Creating the new department encompasses broad changes that represent what experts are calling the largest federal bureaucratic reorganization in half a century. Not the least of these changes would shift to the new Department of Homeland Security:

  • the Immigration and Naturalization Service from the Justice Department;
  • the U.S. Customs Service from the Treasury Department;
  • the U.S. Coast Guard from the Transportation Department;
  • the Office of Nuclear Security and Incident Response from the Energy Department;
  • the National Communications System from the Defense Department;
  • the Transportation Security Administration from the Transportation Department; and
  • the Federal Emergency Management Agency from its status as an independent entity.

In addition, federal activities in chemical, biological, radiological, and nuclear response assets are to be consolidated from several existing agencies, and the National Biowarfare Defense Analysis Center will be born.

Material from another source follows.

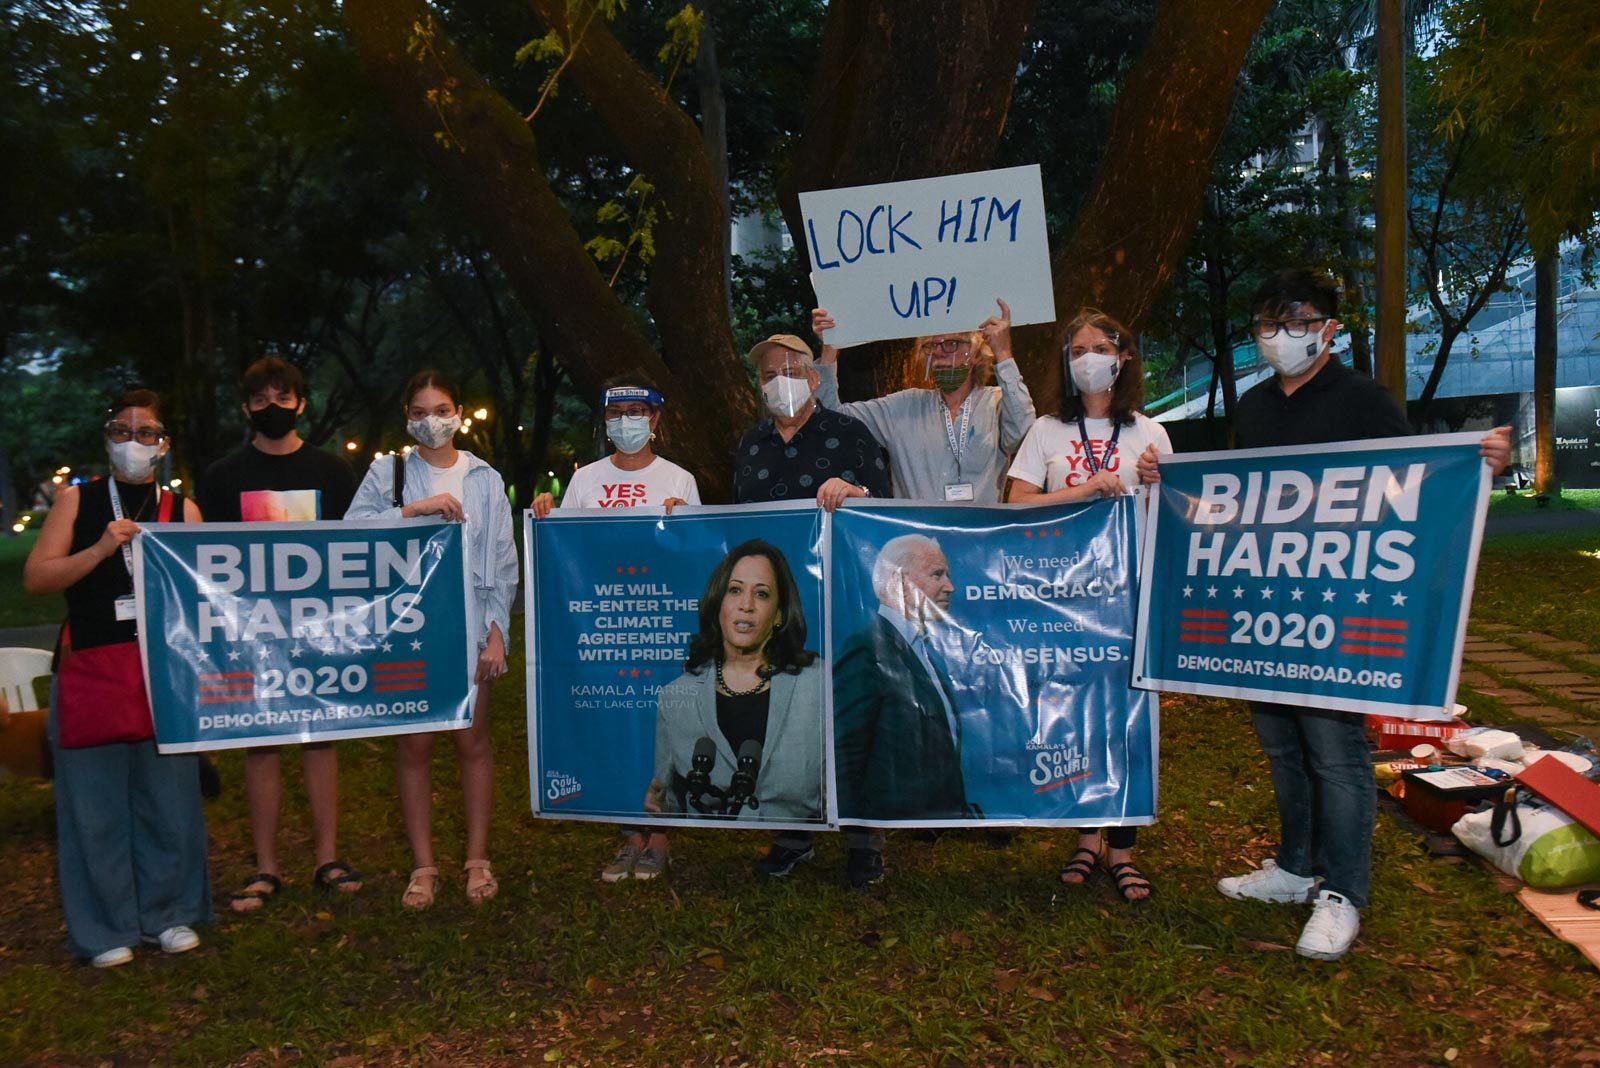 Democrats in PH anxiously monitoring Biden’s path to victory

Similar reorganizations are in the works at state and local levels. Private industry and semi-public institutions such as electric utilities and nuclear power plants also must devote time, effort, and money to shoring up defenses against terrorism, and identifying and strengthening weaknesses.

The Department of Defense (DOD) also should reap benefits from the elections. DOD leaders will shift American military capabilities to confront and defeat terrorism throughout the world, as well as keep traditional adversaries at bay. New systems, and upgrades to existing systems, that are particularly effective against the forces of terror are bound to receive priority treatment now in the halls of Congress, as well as in the Pentagon. With Republicans in control, weapon systems designers can spend more time doing their jobs, and less time watching their backs for opportunistic political attacks that inevitably come from the Democrat side of the aisle.

At the same time, however, Republican control of Congress will not signal an opening of the floodgates for just any new weapons proposal. On the contrary, weapons managers and builders can expect a new level of financial scrutiny from the new Republican congressional leadership to ensure that new systems and system upgrades stay within their budgets and meet clearly defined military goals in the war on terrorism.

The November elections are bound to make all of these efforts just a little easier than they would have been had Congress remained divided.